Are you an employer that noticed a higher federal unemployment tax payment (known as FUTA) in January 2023 for your 2022 payroll taxes? Do you wonder why you had to make this payment (especially if you had paid your FUTA in full in prior quarters?)
This additional tax was required due to being in a credit reduction state. In 2022, there were 4 states named credit reduction states which include California, Connecticut, Illinois, New York as well as the Virgin Islands.
What does it mean to be a credit reduction state?
A state is a credit reduction state if it has taken loans from the federal government to meet its state unemployment benefits liabilities and has not repaid the loans within the allowable time frame. During the pandemic, high unemployment rates forced many states to borrow funds from the federal government, and they had until November 10, 2022, to repay their loans. The states unable to pay back the borrowed funds within the allowable time frame are being assessed the FUTA credit reduction.
What is the definition of credit reduction?
The standard FUTA tax rate is 6% on the first $7000 of wages paid to each employee. However, if the employer pays state unemployment tax, they generally receive a credit of 5.4% reducing the actual FUTA tax rate to six tenths of one percent (.6% which means you pay only 1/10th of the tax you would otherwise pay).
If a state has an outstanding loan balances on January 1 for two consecutive years and does not repay the full amount of its loans by November 10 of the second year, then the FUTA credit rate for employers in that state will be reduced until the loan is repaid.

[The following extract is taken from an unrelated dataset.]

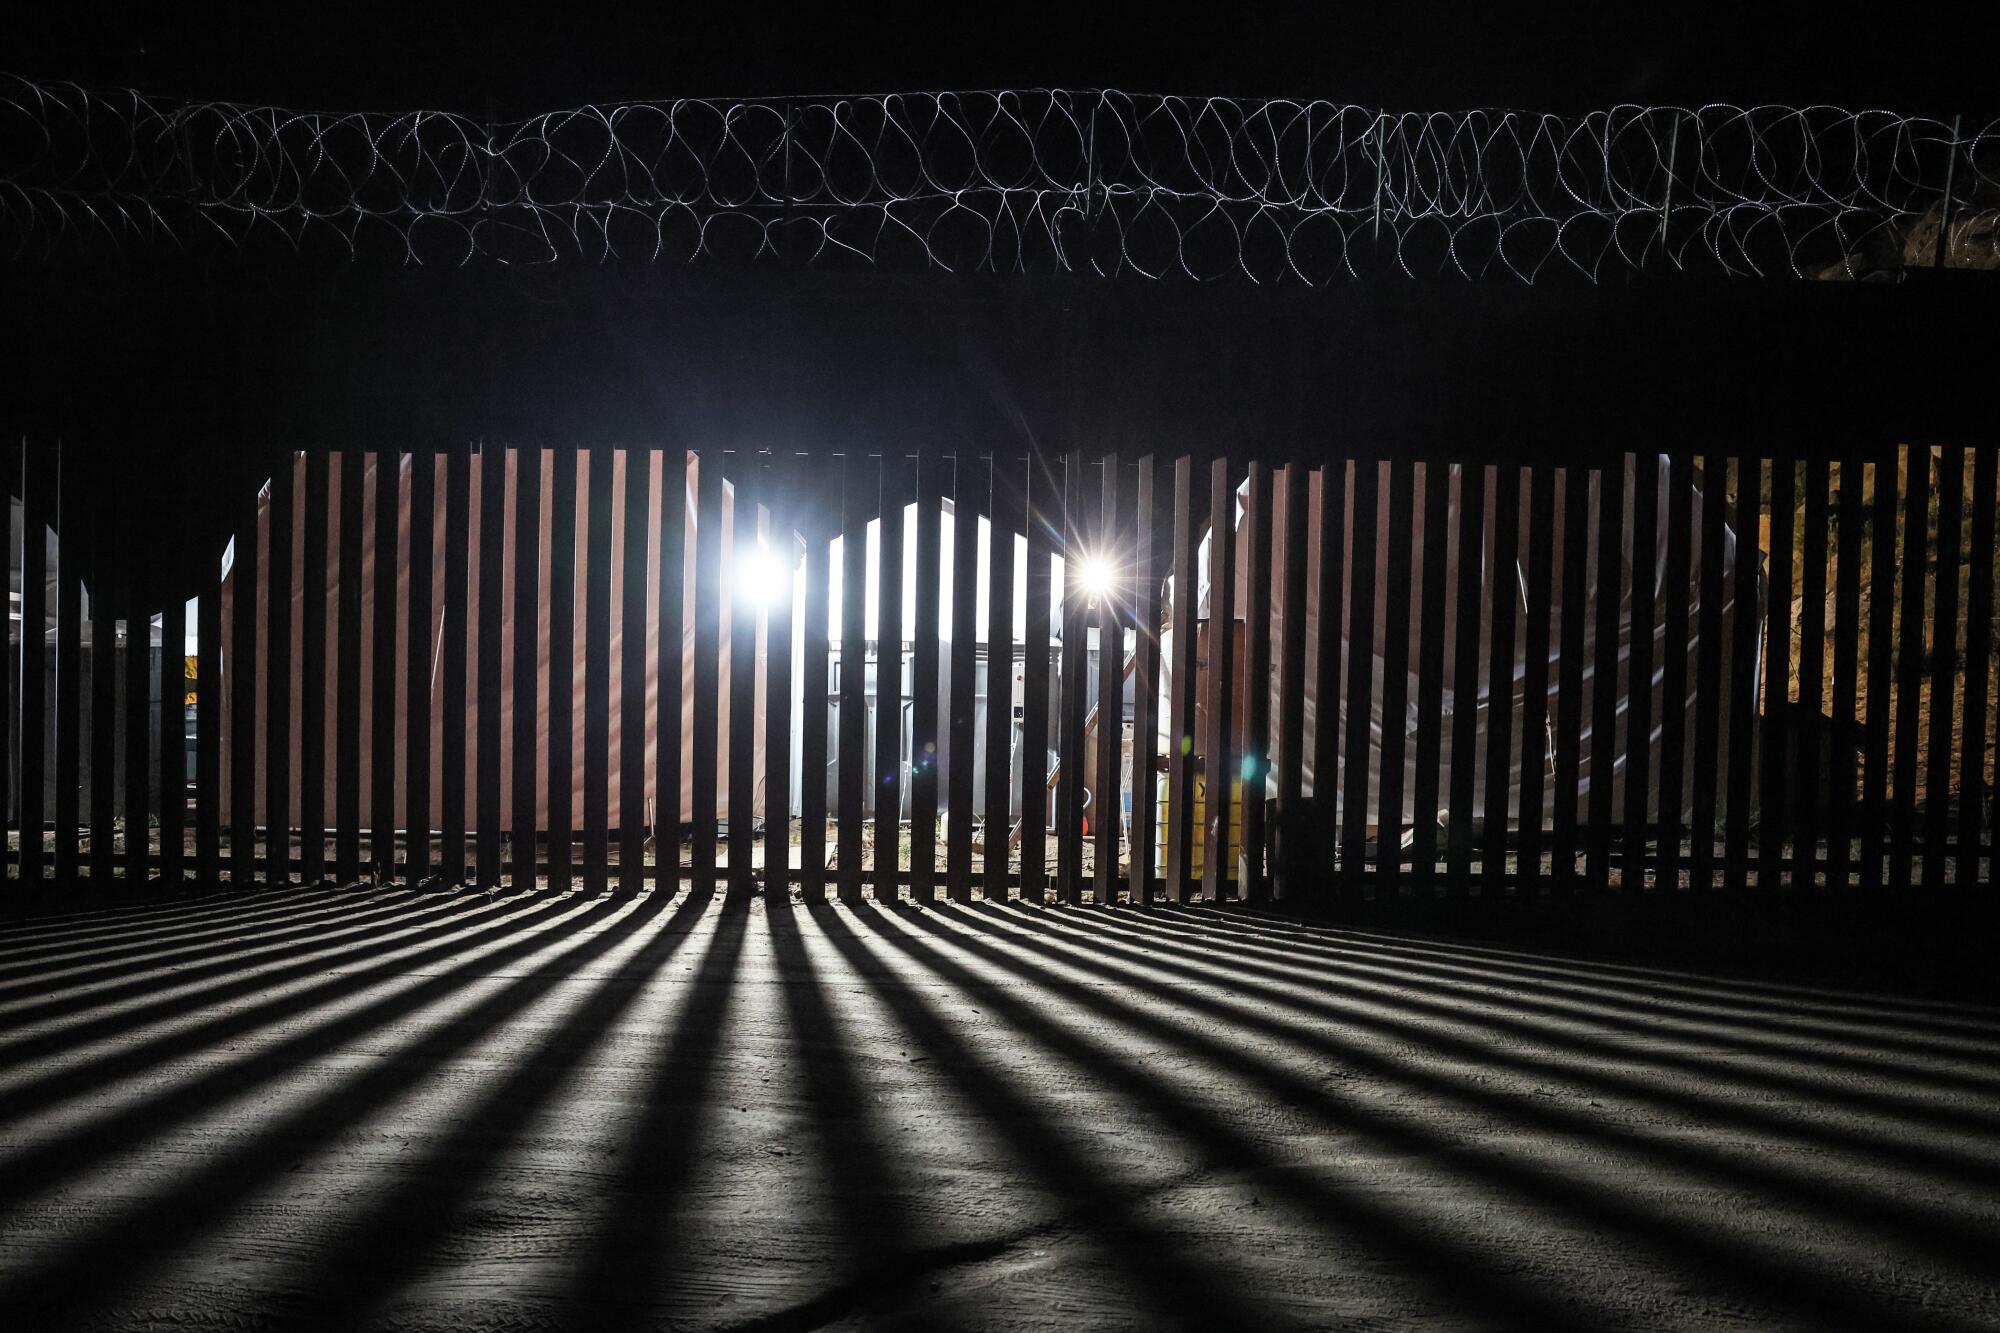 Lights shine through vertical slats of a fence at night.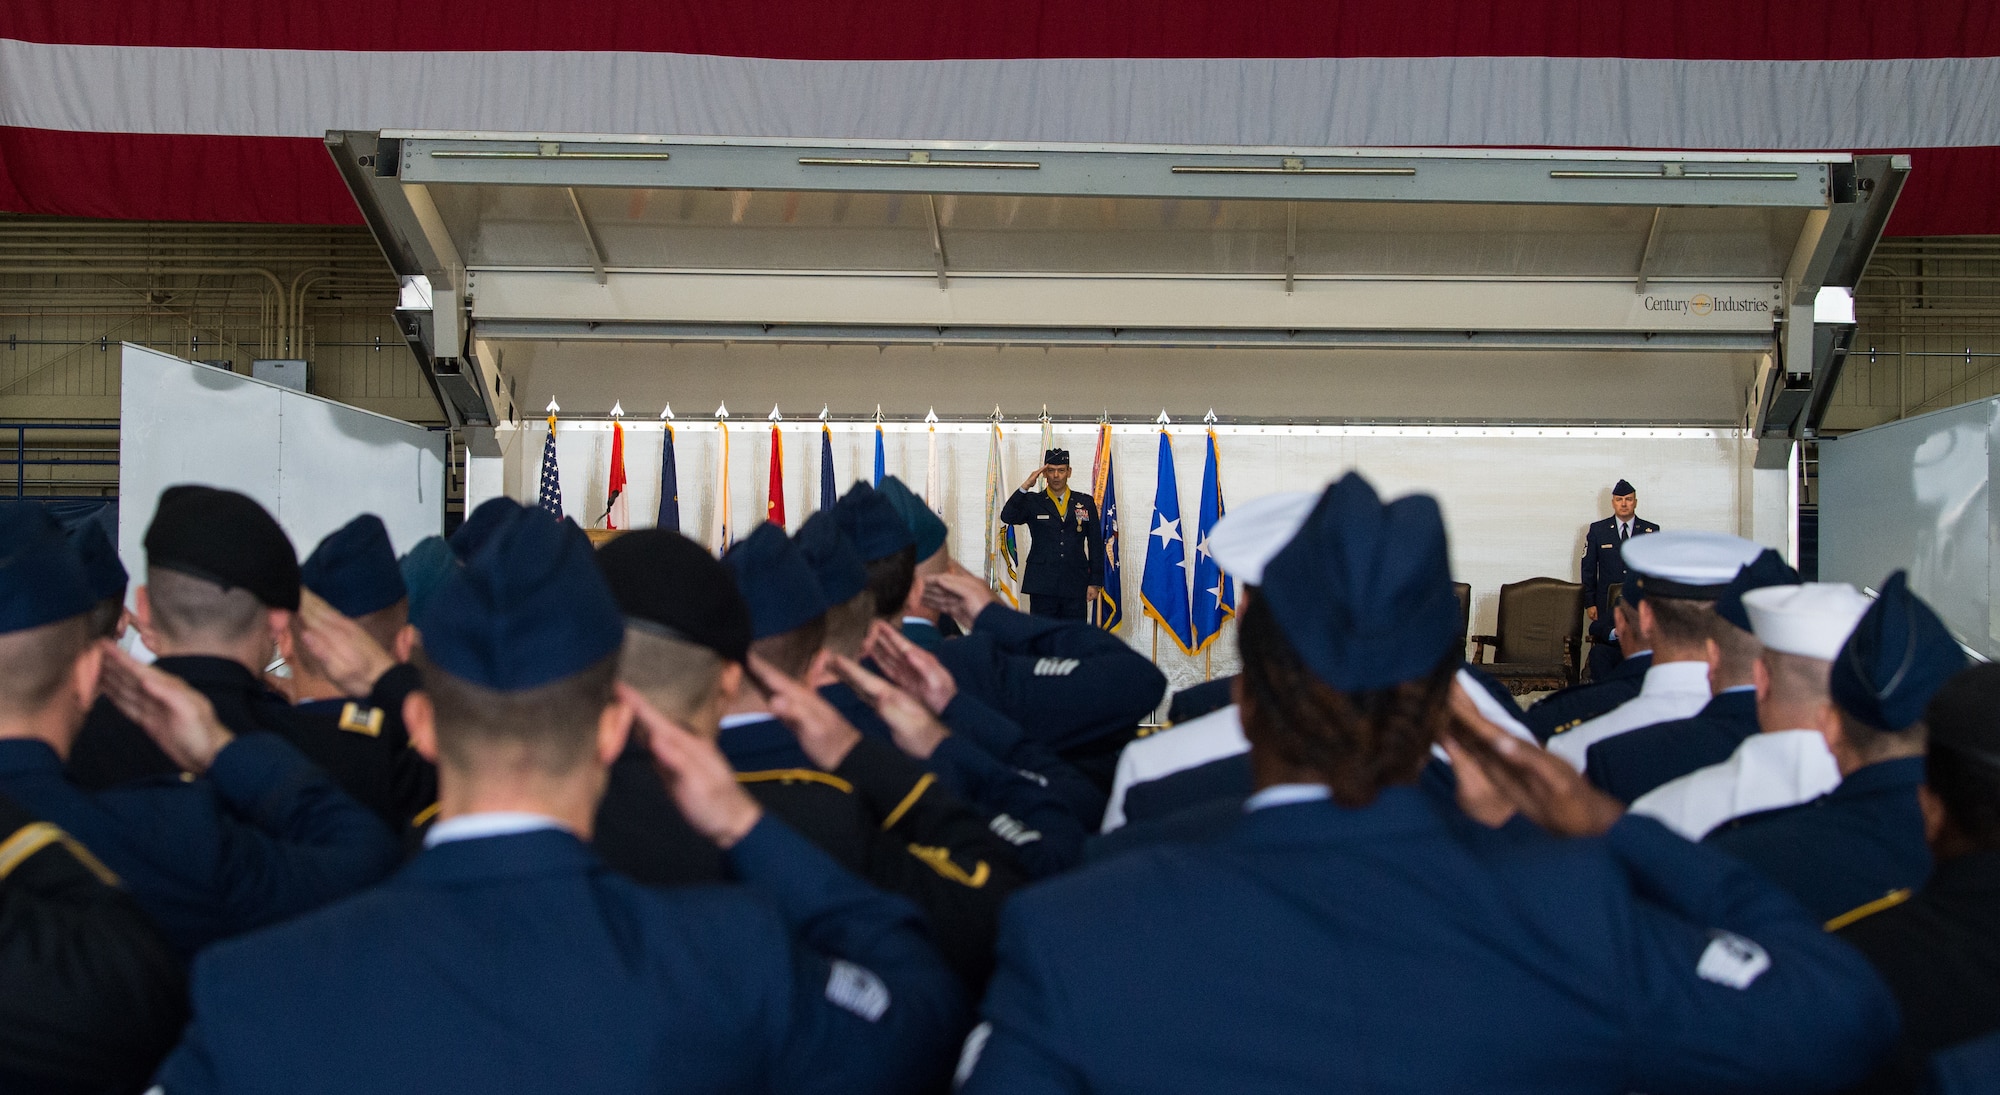 Joint service members render their final salutes to U.S. Air Force Lt. Gen. Ken Wilsbach during a change of command ceremony for Alaskan North American Aerospace Defense Command, Alaskan Command, and the Eleventh Air Force at Joint Base Elmendorf-Richardson, Alaska, Aug. 24, 2018. U.S. Air Force Lt. Gen. Tom Bussiere replaced Wilsbach as commander. Family, friends, Arctic warriors and civic leaders from the surrounding communities attended the ceremony that was jointly-officiated by U.S. Air Force Gen. Terrence J. O’Shaughnessy, commander of the United States Northern Command and North American Aerospace Defense Command, and U.S. Air Force Gen. Charles Q. Brown, the commander of Pacific Air Forces.

The reduction is 0.3% for the first year the state is a credit reduction state, another 0.3% for the second year, and an additional 0.3% for each year thereafter that the state has not repaid its loan in full. Additional offset credit reductions may apply to a state beginning with the third and fifth taxable years if a loan balance is still outstanding and certain criteria are not met.
So for those in credit reduction states in 2022, the additional tax you will pay is increased 3 tenths of 1 % for up to an additional $21 per employee. This means rather than a maximum tax of $42 per worker, the most you’ll pay for each is $63.00 a 50% increase over what was expected.
If the loans aren’t paid back in 2023, the amount you’ll pay will be doubled from a maximum of $42.oo to $84.00. The rate will continue to increase each year until the loans are paid back.
The FUTA tax and additional credit reduction is reported on the annual 940 return. For those in credit reduction states, schedule A will be included showing the taxable wages for the year and the additional tax due.
If you are in a credit reduction state, it is best to plan that you will have to pay the additional amount next year as well and budget this into your cash flow planning. If your state pays it’s loan back before November 2023, you won’t have to pay the additional amount, and these funds will be available for other expenses. But failing to plan for this additional tax, especially for large employers, can significantly impact cash flow since we don’t find out the tax is due until shortly before the payment due date.
If you have additional questions about the FUTA credit reduction, you can find information on both the IRS and US Department of Labor websites.